Good point and this is btw. exactly where Nvidia is heading. There will be a point in the future where you just program kernels and/or map/reduce functions and/or library functions and then call them to execute on a GPU cluster, passing in a configuration for network topology, node-level topology (how many GPUs, how are they connected) and chip-level topology (grid+block size).

The address space will be shared on the whole cluster, supported by an interconnect that’s so fast that most researcher can just stop caring about communication / data locality (see how DGX-2 works).

wahern · on Nov 27, 2018

> The address space will be shared on the whole cluster, supported by an interconnect that’s so fast that most researcher can just stop caring about communication / data locality

There will always be people who will care because locality will always matter (thanks, physics). Improvements in technology may make it easier and cheaper to solve today's problems, but as technology improves we simply begin to tackle new, more difficult problems.

Today's chips provide more performance than whole clusters from 20 years ago and can perform yesterday's jobs on a single chip. But that doesn't mean clusters stopped being a thing.

See also The Myth of RAM, http://www.ilikebigbits.com/2014_04_21_myth_of_ram_1.html

m_mueller · on Nov 27, 2018

I do think there’s a paradigm shift coming. it’s a combination of the ongoing shift away from latency- to throughput oriented design with the capabilities shown in new interlinks, especially nvlink/nvswitch.
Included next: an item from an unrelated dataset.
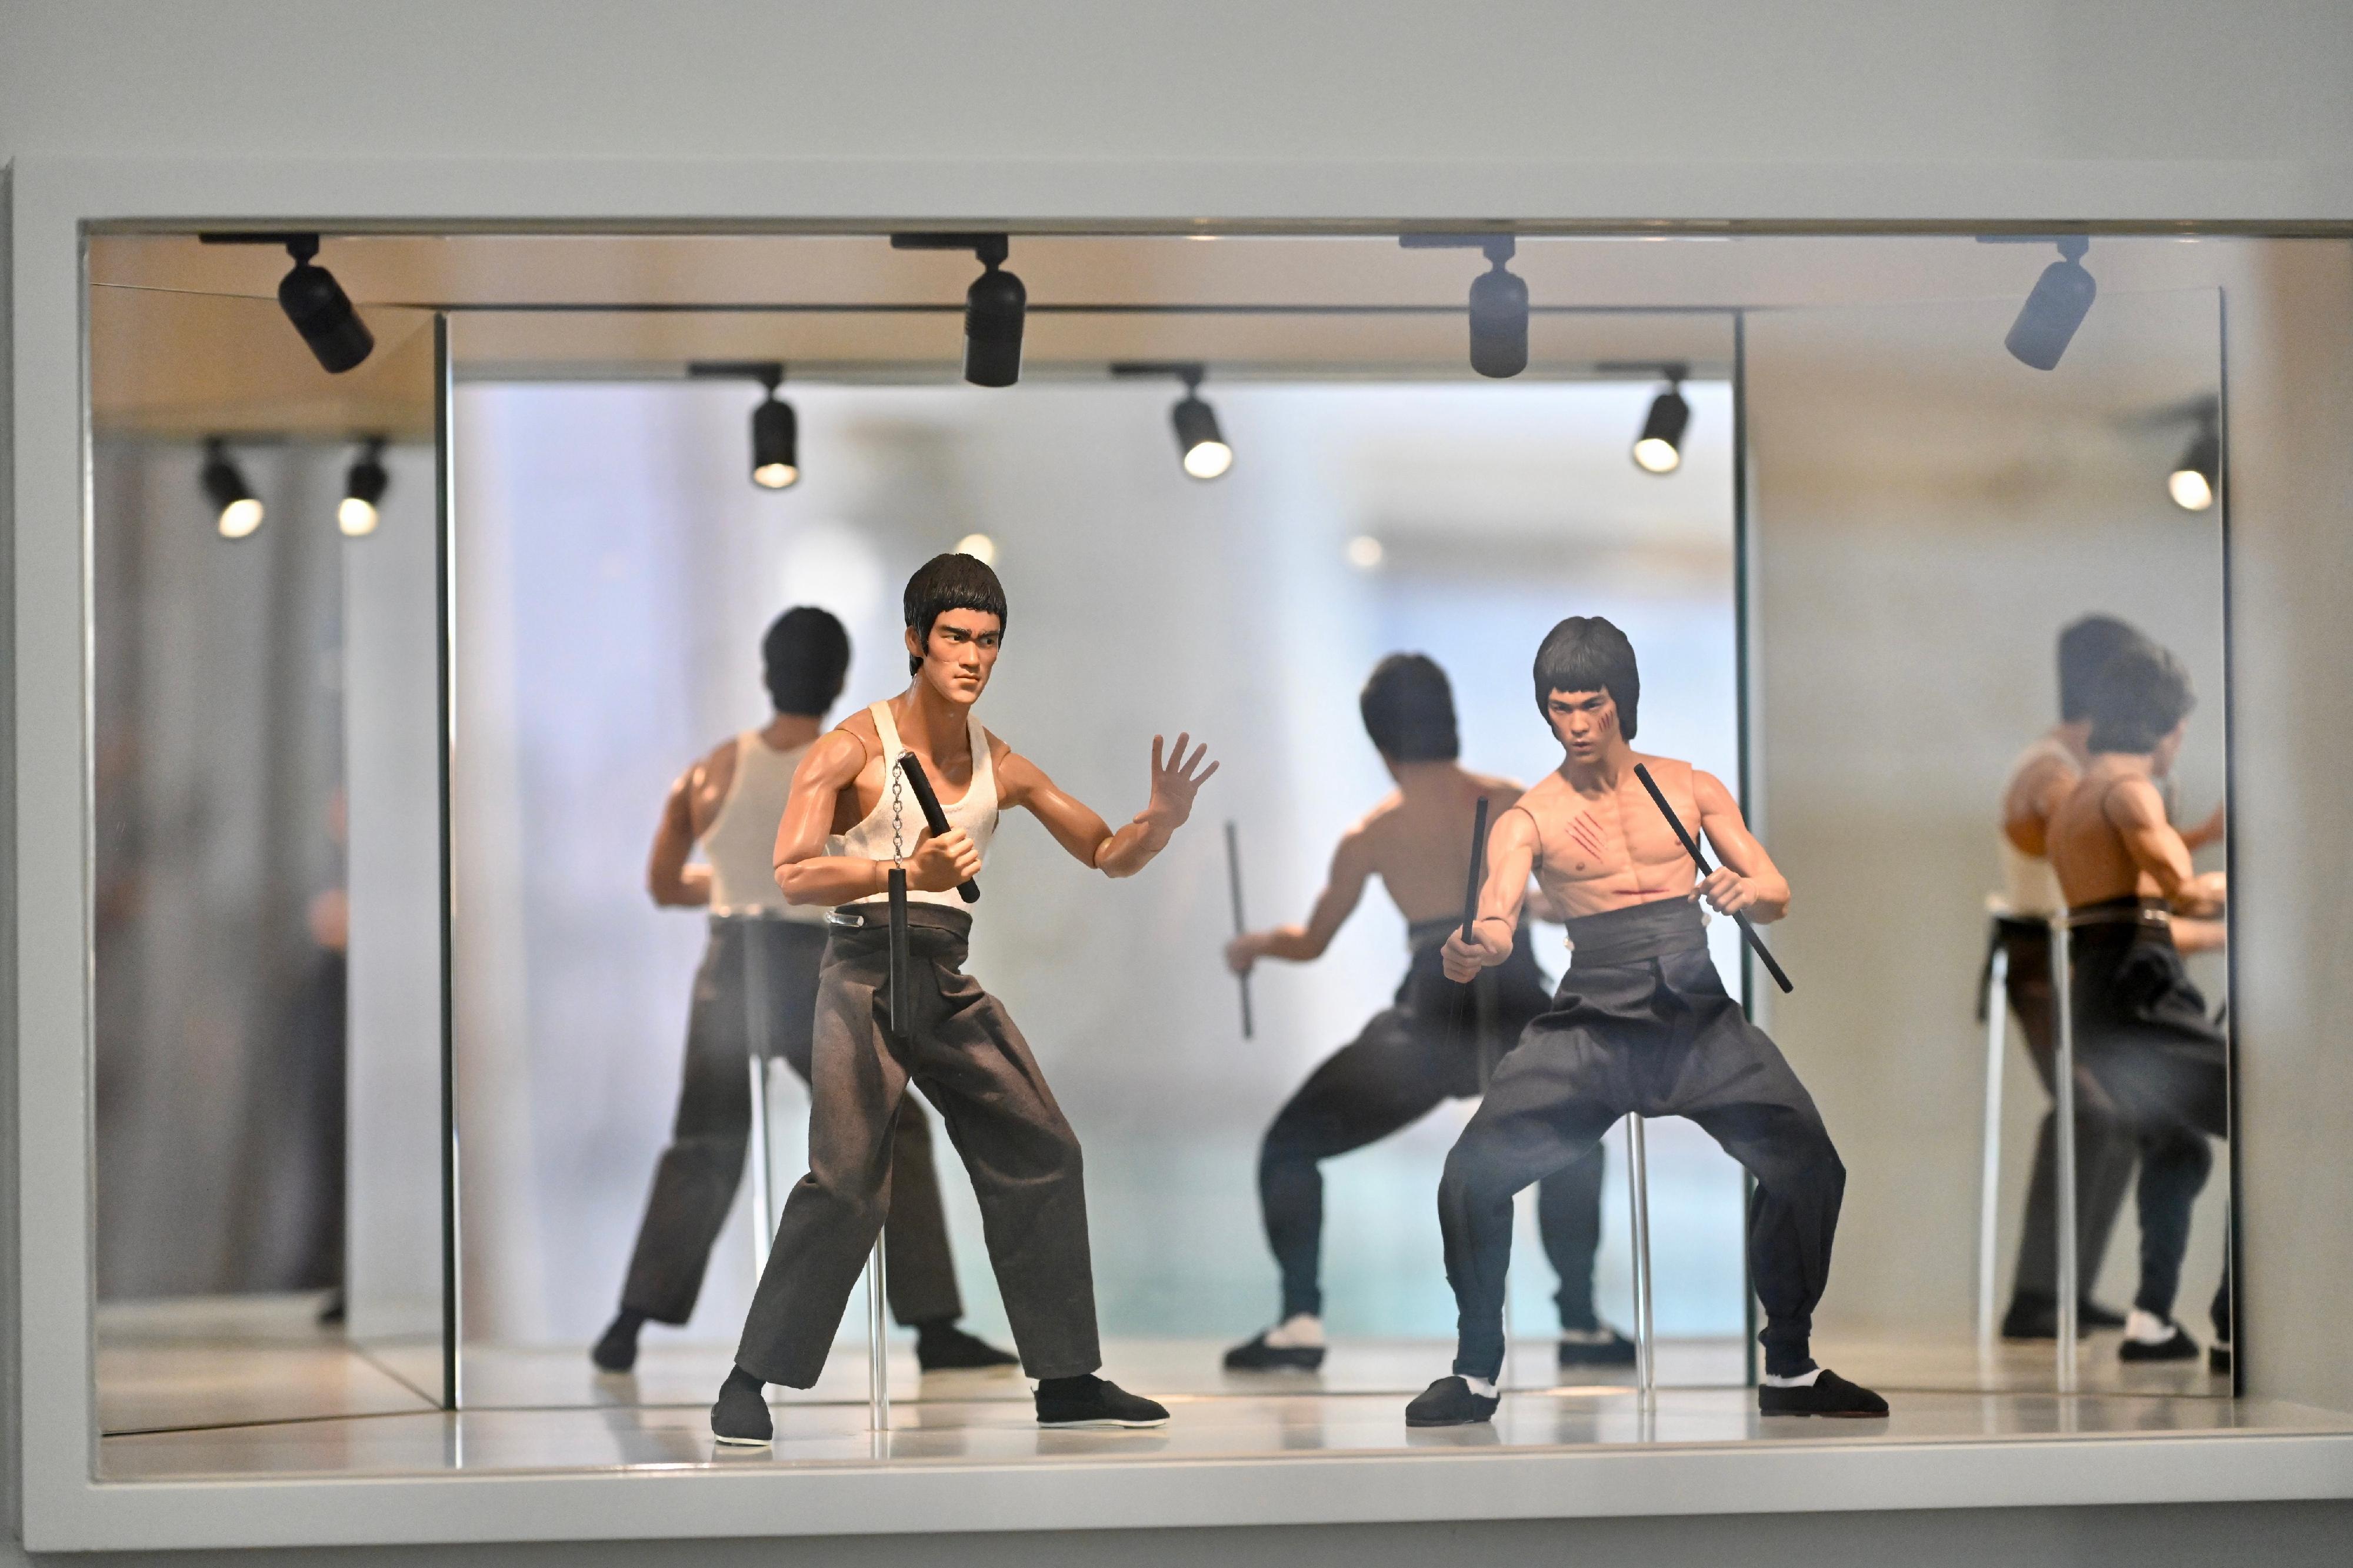 The pop-up display "Bruce Lee: a Timeless Classic" will be open to the public from tomorrow (July 12) at the Hong Kong Heritage Museum. Photo shows figures of Bruce Lee.

This allows DGX-2 to already cover a fair amount of what would otherwise have to be programmed for midsized clusters - if it can be made to scale one more order of magnitude (i.e. ~ 10 DGX) I think there’s not much left that wouldn’t fit there but would fit something like Titan. There’s not that much so embarassingly parallel that the communication overhead doesn’t constrain it, and if doesn’t, you again don’t care much about data locality as it becomes trivial (e.g. compute intensive map function).

pjmlp · on Nov 27, 2018

C++ and Fortran support on CUDA was one of the big reasons why OpenCL was left behind.

They now at least support C++14, but driver support seems to still not be quite there, from what I get reading the interwebs.